You can download these files by clicking the links, or by using the following commands from within a python script (exemplified for the Asinex library):

import requests
import gzip
from io import BytesIO

url = "https://raw.githubusercontent.com/UAMCAntwerpen/2040FBDBIC/master/Databases/asinex.smi.gz"
response = requests.get(url)
response.raise_for_status()  # ensure download succeeded

with gzip.open(BytesIO(response.content), mode='rt', encoding='utf-8') as f:
    lines = f.read().splitlines()

print(lines[:5])  # preview first 5 lines

It may be that identical compounds can be found across multiple databases, so a filtering step should be implemented to keep only the unique compounds.
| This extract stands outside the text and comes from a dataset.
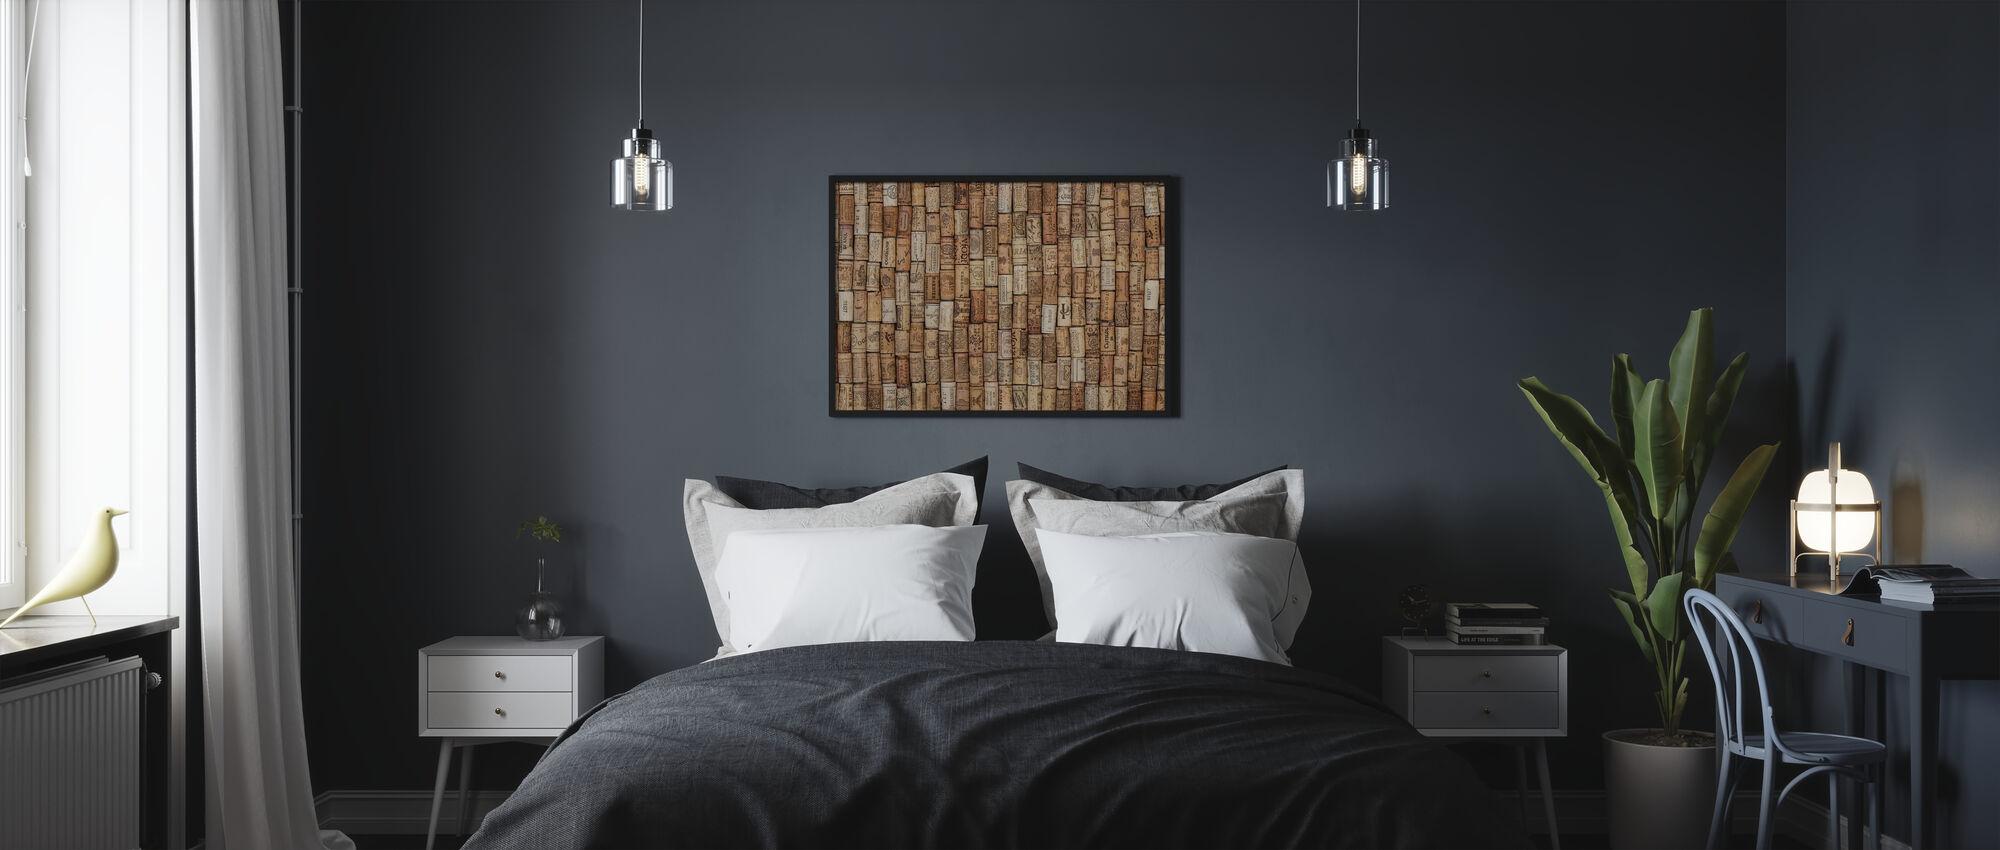 Kork - Poster - Schlafzimmer

This can be done in multiple ways, but a common one is to read files into a python script and keep only the unique ones using a dictionary in which the key is the SMILES and the value is the CODE of each compound:

import gzip
from pathlib import Path

SMILES2CODE = {}

def load_gz_lines(path):
    with gzip.open(path, mode='rt', encoding='utf-8', errors='replace') as f:
        for line in f:
            line = line.strip()
            if not line: continue
            # keep first two fields; ignore extras if present
            fields = line.split(maxsplit=1)
            if len(fields) != 2: continue
            smiles, code = fields
            SMILES2CODE[smiles] = code  # last one wins on duplicates

for filename in ['asinex.smi.gz', 'chembridge.smi.gz', 'chemdiv.smi.gz', 'lifechemicals.smi.gz']:
    load_gz_lines(filename)

for i in range(1, 10):
    load_gz_lines(f"chemspace.{i}.smi.gz")

for i in range(1, 10):
    load_gz_lines(f"enamine.{i}.smi.gz")

out_path = Path("merged.smi")
with out_path.open("w", encoding="utf-8", newline="") as fo:
    for smiles, code in SMILES2CODE.items():
        fo.write(f"{smiles}\t{code}\n")